Required action
What is needed here is a verbatim copy of the records that follow.

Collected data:
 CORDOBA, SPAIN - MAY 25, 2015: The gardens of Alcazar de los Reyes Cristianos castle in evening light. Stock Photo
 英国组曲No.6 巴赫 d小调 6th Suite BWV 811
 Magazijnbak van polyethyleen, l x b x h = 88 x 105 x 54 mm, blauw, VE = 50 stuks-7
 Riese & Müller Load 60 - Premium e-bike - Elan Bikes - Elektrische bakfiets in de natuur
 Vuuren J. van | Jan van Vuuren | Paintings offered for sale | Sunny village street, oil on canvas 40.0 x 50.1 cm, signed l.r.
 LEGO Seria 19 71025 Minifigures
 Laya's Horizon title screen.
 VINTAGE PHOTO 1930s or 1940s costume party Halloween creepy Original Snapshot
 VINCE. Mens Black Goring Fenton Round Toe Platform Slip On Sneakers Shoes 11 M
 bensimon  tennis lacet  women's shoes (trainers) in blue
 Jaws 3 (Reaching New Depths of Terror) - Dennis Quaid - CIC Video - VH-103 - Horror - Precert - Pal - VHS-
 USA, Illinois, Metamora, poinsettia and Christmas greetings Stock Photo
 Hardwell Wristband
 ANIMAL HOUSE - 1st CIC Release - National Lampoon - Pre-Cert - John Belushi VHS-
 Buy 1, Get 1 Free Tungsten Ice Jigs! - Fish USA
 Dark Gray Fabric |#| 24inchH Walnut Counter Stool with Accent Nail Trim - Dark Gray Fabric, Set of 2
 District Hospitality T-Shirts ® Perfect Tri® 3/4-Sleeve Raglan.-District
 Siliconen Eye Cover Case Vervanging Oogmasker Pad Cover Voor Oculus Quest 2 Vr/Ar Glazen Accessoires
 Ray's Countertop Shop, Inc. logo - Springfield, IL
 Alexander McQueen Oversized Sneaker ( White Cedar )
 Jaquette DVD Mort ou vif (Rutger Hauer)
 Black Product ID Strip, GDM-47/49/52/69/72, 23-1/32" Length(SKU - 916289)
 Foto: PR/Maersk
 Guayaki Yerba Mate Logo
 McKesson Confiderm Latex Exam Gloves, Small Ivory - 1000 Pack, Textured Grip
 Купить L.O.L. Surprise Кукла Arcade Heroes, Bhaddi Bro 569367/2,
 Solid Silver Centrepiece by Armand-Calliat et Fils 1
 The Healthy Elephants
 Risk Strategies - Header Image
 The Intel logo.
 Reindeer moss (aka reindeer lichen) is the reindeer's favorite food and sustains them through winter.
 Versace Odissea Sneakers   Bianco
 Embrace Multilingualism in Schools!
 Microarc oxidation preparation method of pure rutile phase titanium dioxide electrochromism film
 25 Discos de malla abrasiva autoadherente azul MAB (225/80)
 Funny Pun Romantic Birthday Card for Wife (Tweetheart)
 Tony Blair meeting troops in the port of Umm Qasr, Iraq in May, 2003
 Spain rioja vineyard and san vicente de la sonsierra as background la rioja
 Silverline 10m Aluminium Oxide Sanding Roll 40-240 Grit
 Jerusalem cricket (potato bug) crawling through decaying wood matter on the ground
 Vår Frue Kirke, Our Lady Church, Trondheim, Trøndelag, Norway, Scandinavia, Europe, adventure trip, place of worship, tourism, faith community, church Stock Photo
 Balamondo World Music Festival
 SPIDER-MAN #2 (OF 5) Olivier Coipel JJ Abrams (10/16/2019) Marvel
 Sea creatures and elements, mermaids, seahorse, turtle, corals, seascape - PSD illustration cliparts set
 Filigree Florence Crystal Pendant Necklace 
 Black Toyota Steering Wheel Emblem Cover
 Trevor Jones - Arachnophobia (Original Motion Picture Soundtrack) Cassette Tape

Response for this exercise
 CORDOBA, SPAIN - MAY 25, 2015: The gardens of Alcazar de los Reyes Cristianos castle in evening light. Stock Photo
 英国组曲No.6 巴赫 d小调 6th Suite BWV 811
 Magazijnbak van polyethyleen, l x b x h = 88 x 105 x 54 mm, blauw, VE = 50 stuks-7
 Riese & Müller Load 60 - Premium e-bike - Elan Bikes - Elektrische bakfiets in de natuur
 Vuuren J. van | Jan van Vuuren | Paintings offered for sale | Sunny village street, oil on canvas 40.0 x 50.1 cm, signed l.r.
 LEGO Seria 19 71025 Minifigures
 Laya's Horizon title screen.
 VINTAGE PHOTO 1930s or 1940s costume party Halloween creepy Original Snapshot
 VINCE. Mens Black Goring Fenton Round Toe Platform Slip On Sneakers Shoes 11 M
 bensimon  tennis lacet  women's shoes (trainers) in blue
 Jaws 3 (Reaching New Depths of Terror) - Dennis Quaid - CIC Video - VH-103 - Horror - Precert - Pal - VHS-
 USA, Illinois, Metamora, poinsettia and Christmas greetings Stock Photo
 Hardwell Wristband
 ANIMAL HOUSE - 1st CIC Release - National Lampoon - Pre-Cert - John Belushi VHS-
 Buy 1, Get 1 Free Tungsten Ice Jigs! - Fish USA
 Dark Gray Fabric |#| 24inchH Walnut Counter Stool with Accent Nail Trim - Dark Gray Fabric, Set of 2
 District Hospitality T-Shirts ® Perfect Tri® 3/4-Sleeve Raglan.-District
 Siliconen Eye Cover Case Vervanging Oogmasker Pad Cover Voor Oculus Quest 2 Vr/Ar Glazen Accessoires
 Ray's Countertop Shop, Inc. logo - Springfield, IL
 Alexander McQueen Oversized Sneaker ( White Cedar )
 Jaquette DVD Mort ou vif (Rutger Hauer)
 Black Product ID Strip, GDM-47/49/52/69/72, 23-1/32" Length(SKU - 916289)
 Foto: PR/Maersk
 Guayaki Yerba Mate Logo
 McKesson Confiderm Latex Exam Gloves, Small Ivory - 1000 Pack, Textured Grip
 Купить L.O.L. Surprise Кукла Arcade Heroes, Bhaddi Bro 569367/2,
 Solid Silver Centrepiece by Armand-Calliat et Fils 1
 The Healthy Elephants
 Risk Strategies - Header Image
 The Intel logo.
 Reindeer moss (aka reindeer lichen) is the reindeer's favorite food and sustains them through winter.
 Versace Odissea Sneakers   Bianco
 Embrace Multilingualism in Schools!
 Microarc oxidation preparation method of pure rutile phase titanium dioxide electrochromism film
 25 Discos de malla abrasiva autoadherente azul MAB (225/80)
 Funny Pun Romantic Birthday Card for Wife (Tweetheart)
 Tony Blair meeting troops in the port of Umm Qasr, Iraq in May, 2003
 Spain rioja vineyard and san vicente de la sonsierra as background la rioja
 Silverline 10m Aluminium Oxide Sanding Roll 40-240 Grit
 Jerusalem cricket (potato bug) crawling through decaying wood matter on the ground
 Vår Frue Kirke, Our Lady Church, Trondheim, Trøndelag, Norway, Scandinavia, Europe, adventure trip, place of worship, tourism, faith community, church Stock Photo
 Balamondo World Music Festival
 SPIDER-MAN #2 (OF 5) Olivier Coipel JJ Abrams (10/16/2019) Marvel
 Sea creatures and elements, mermaids, seahorse, turtle, corals, seascape - PSD illustration cliparts set
 Filigree Florence Crystal Pendant Necklace 
 Black Toyota Steering Wheel Emblem Cover
 Trevor Jones - Arachnophobia (Original Motion Picture Soundtrack) Cassette Tape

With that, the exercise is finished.